=== Data ===
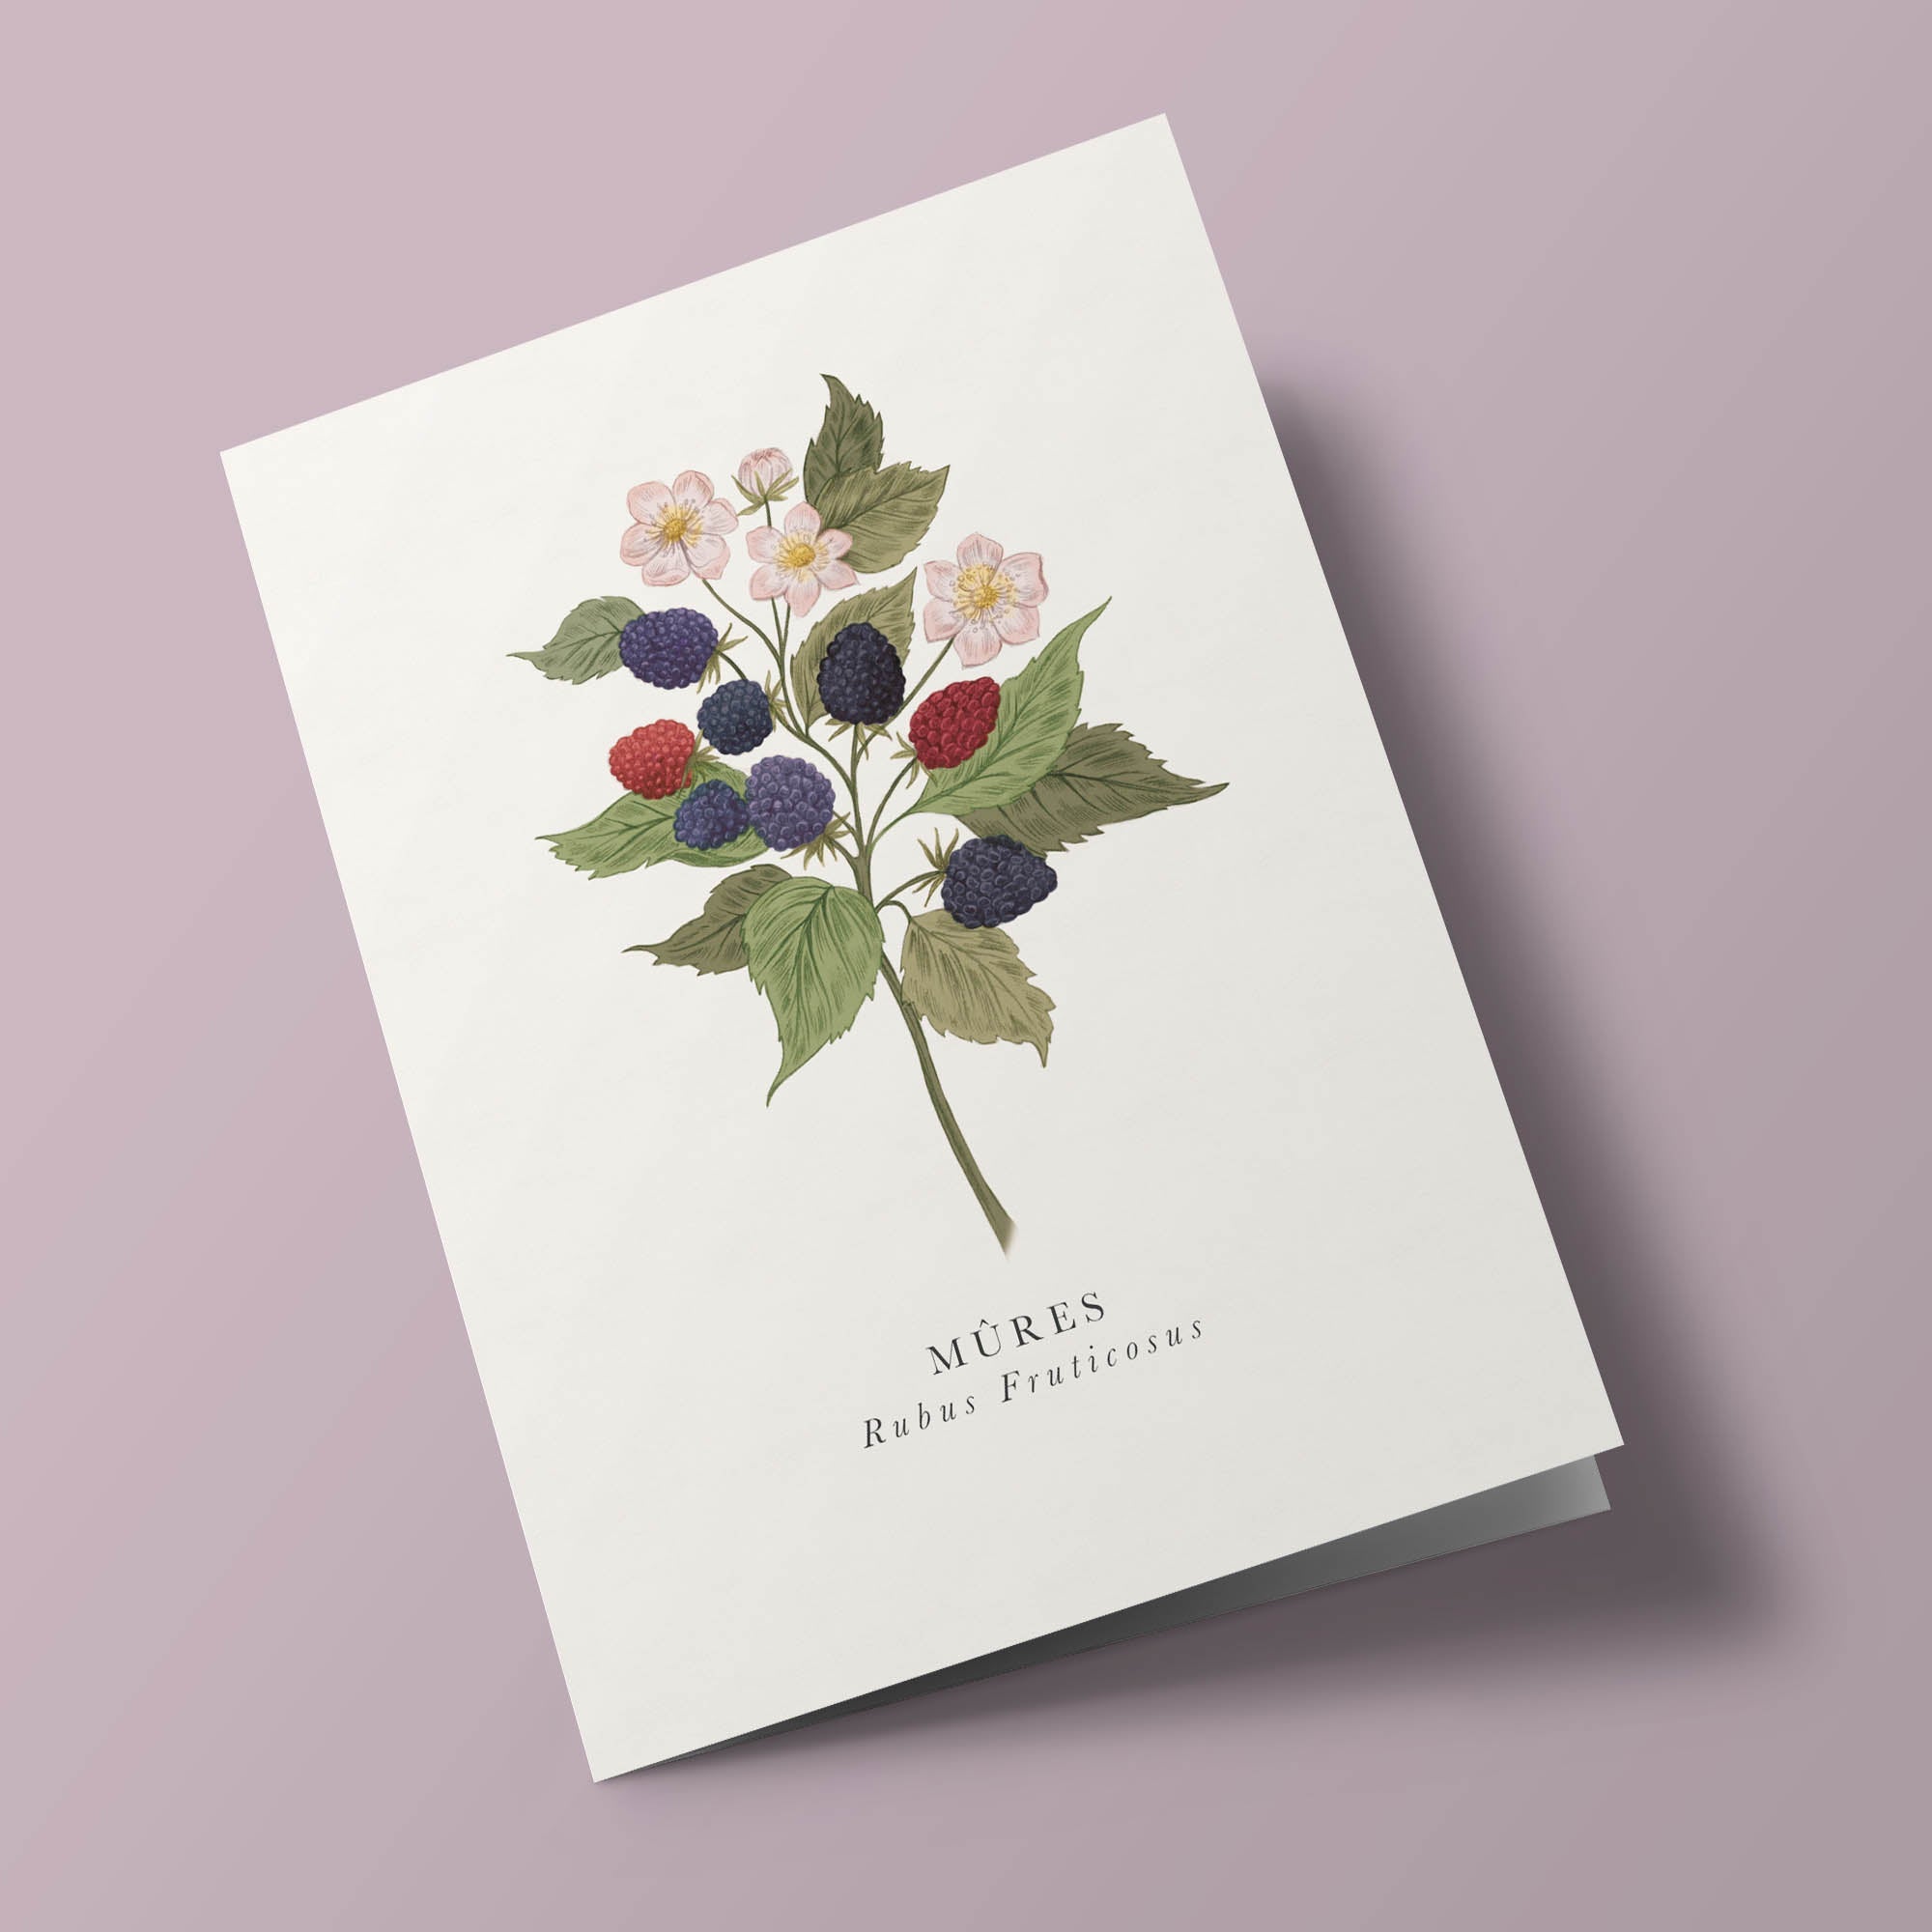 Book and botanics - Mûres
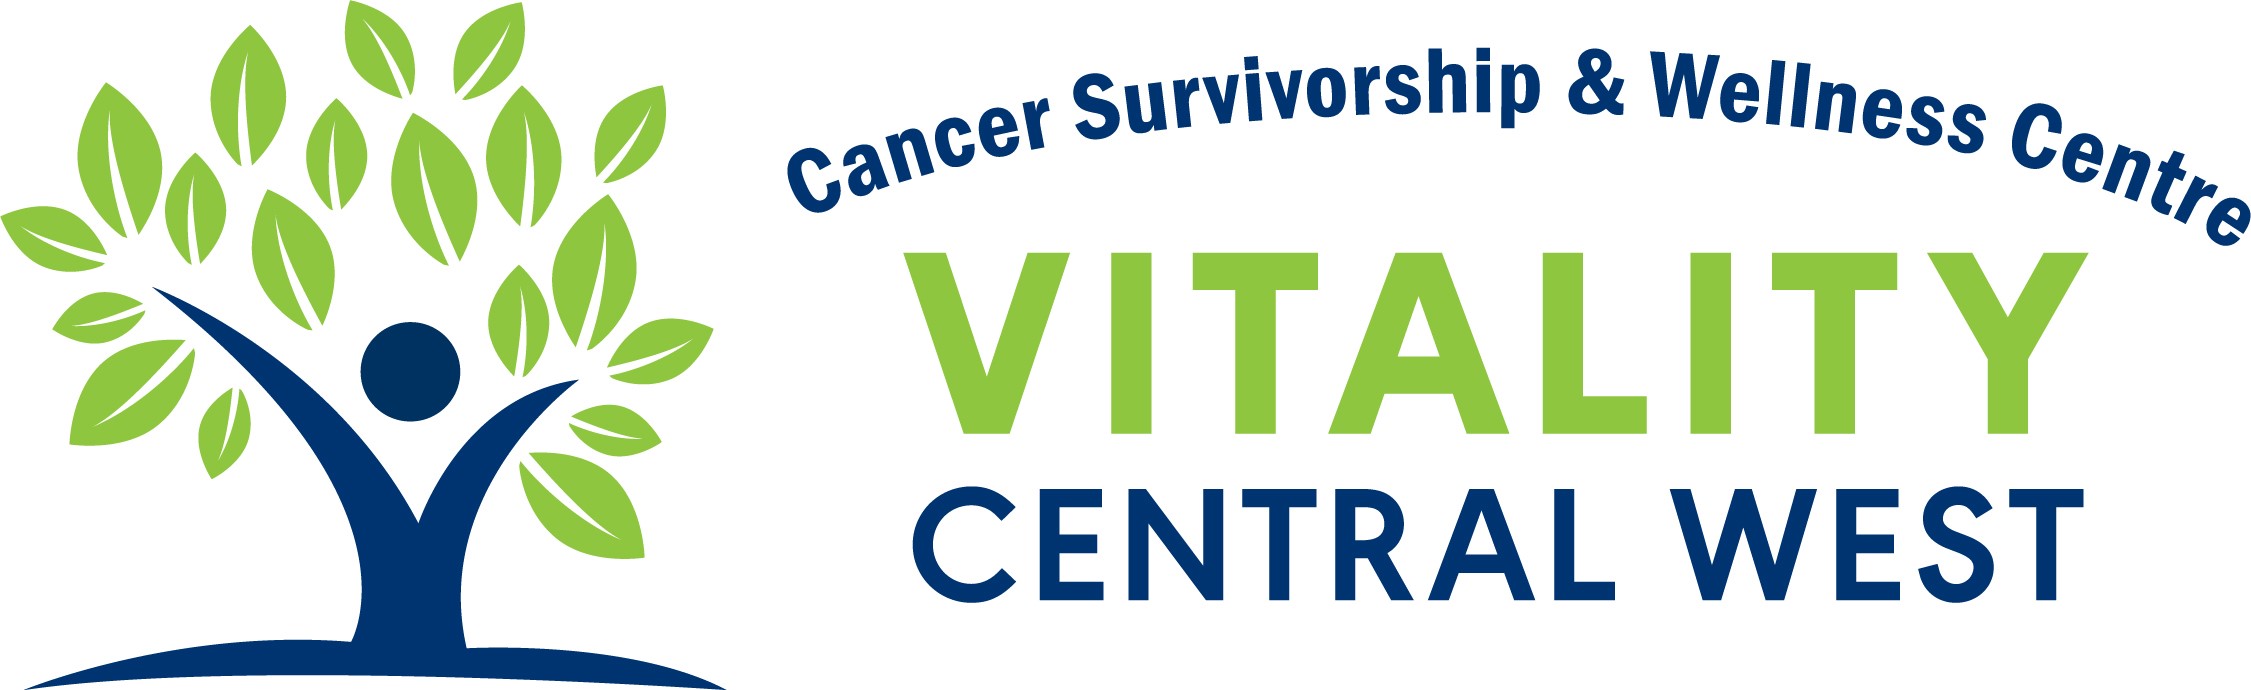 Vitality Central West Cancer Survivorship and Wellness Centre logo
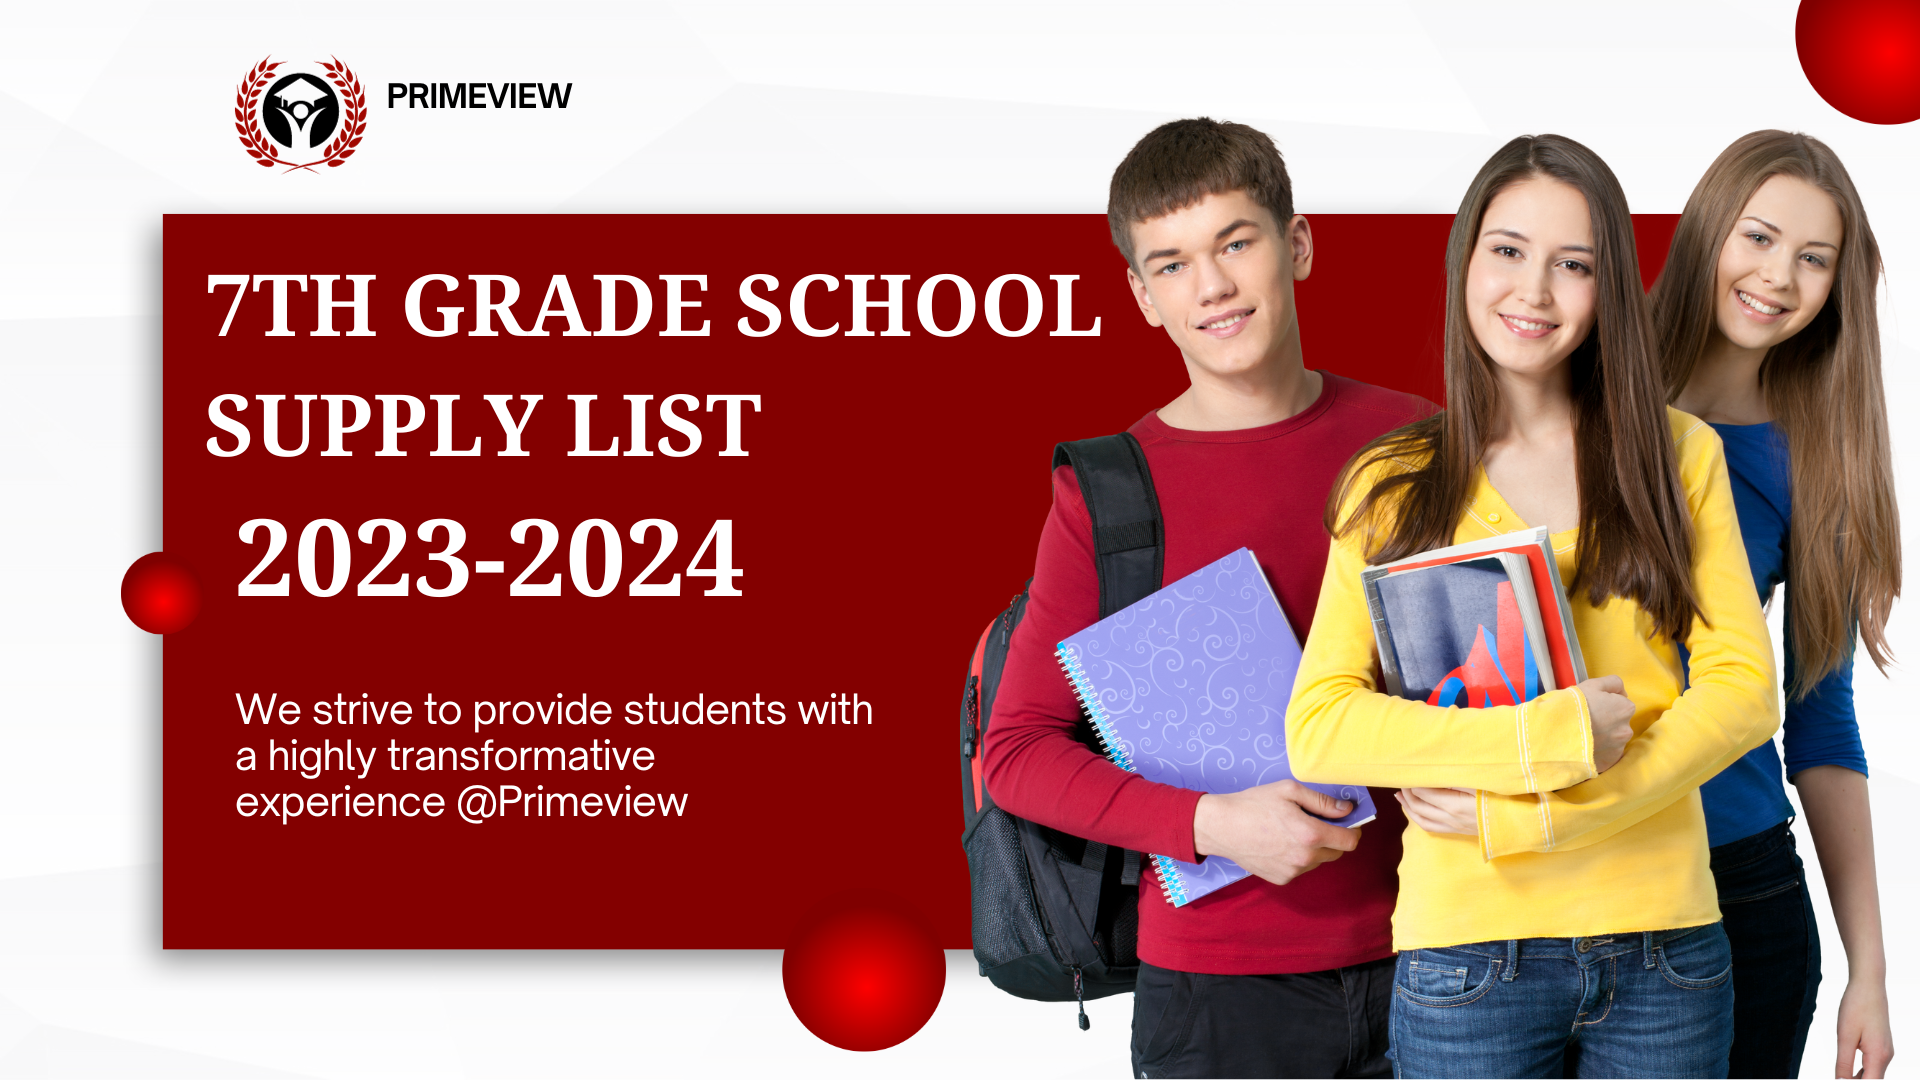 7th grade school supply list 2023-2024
===
## Directions for this task
Pictures included in the data should be dropped; everything else must be repeated exactly.

## Solution for this exercise
 Book and botanics - Mûres
 Vitality Central West Cancer Survivorship and Wellness Centre logo
 7th grade school supply list 2023-2024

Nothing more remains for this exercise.